Moreover, in vitro transcription and translation of two
carboxy-terminal truncation mutants, hGR(1742) and hGR(1706),
results in a similar doublet pattern (Fig. 1B
), suggesting that
carboxy-terminal degradation is not the source of the second band.
Another possible source of the doublet is phosphorylation; however,
phosphatase treatment of the reticulocyte or COS-1 lysate containing
hGR
does not affect the doublet pattern (data not shown).
Alternative Translation Initiation of the GR
To investigate the possibility of alternative translation
initiation of the GR as a source of the observed doublet, the hGR cDNA
was examined for downstream ATG start codons. Only one in-frame ATG
codon, corresponding to methionine 27, was found within the first 300
nucleotides of the initial hGR ATG translation start site. Translation
initiation from this internal ATG site would yield a protein almost 3
kDa shorter (apparent molecular mass = 91 kDa) than the
full-length hGR from residues 1777 (apparent molecular mass = 94
kDa). To test the hypothesis of alternative initiation as a source of
the protein doublet observed in GR expression systems, both the initial
ATG start codon (methionine 1) and the internal ATG (methionine 27)
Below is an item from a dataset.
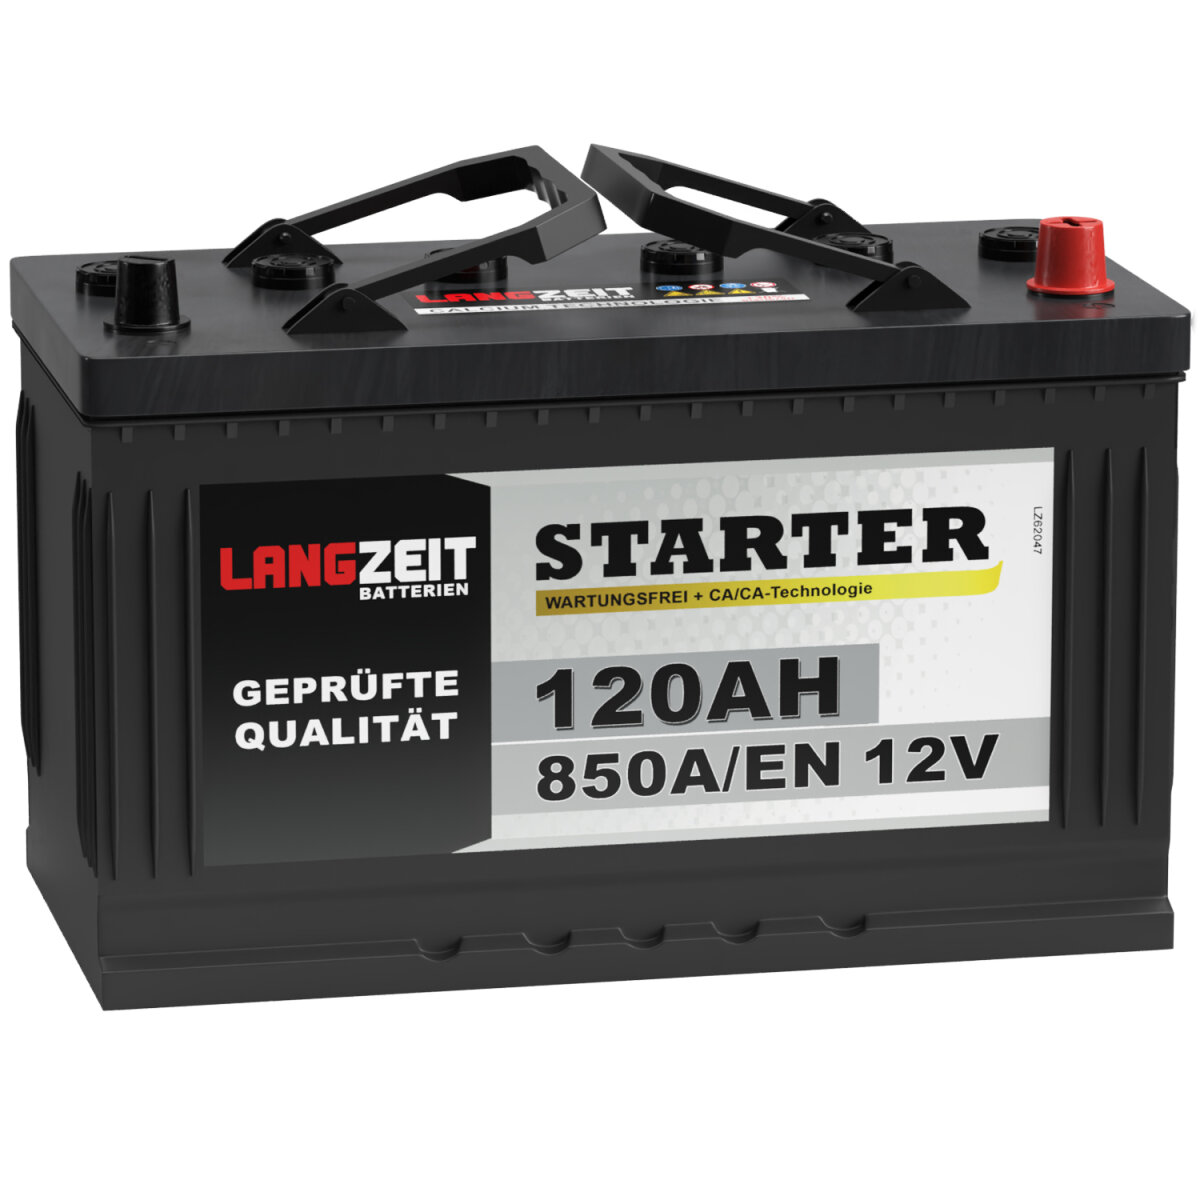 https://www.winnerbatterien.de/media/image/product/623/lg/langzeit-starterbatterie-120ah-12v.jpg

were mutated to ACG (a threonine codon). Mutagenesis of the individual
ATG codons in the hGR
cDNA in both the in vitro
expression vector and the mammalian expression vector resulted in the
expression of a single hGR
species (Fig. 2
). We have termed the longer GR,
generated from the first ATG codon, GR-A. The shorter GR species,
translated from the internal ATG corresponding to methionine 27 (amino
acid 28 in rat and mouse GR), is designated as GR-B. A proteolytic
fragment common to both GR forms of approximately 83 kDa is
consistently observed at higher levels in cells expressing GR-B.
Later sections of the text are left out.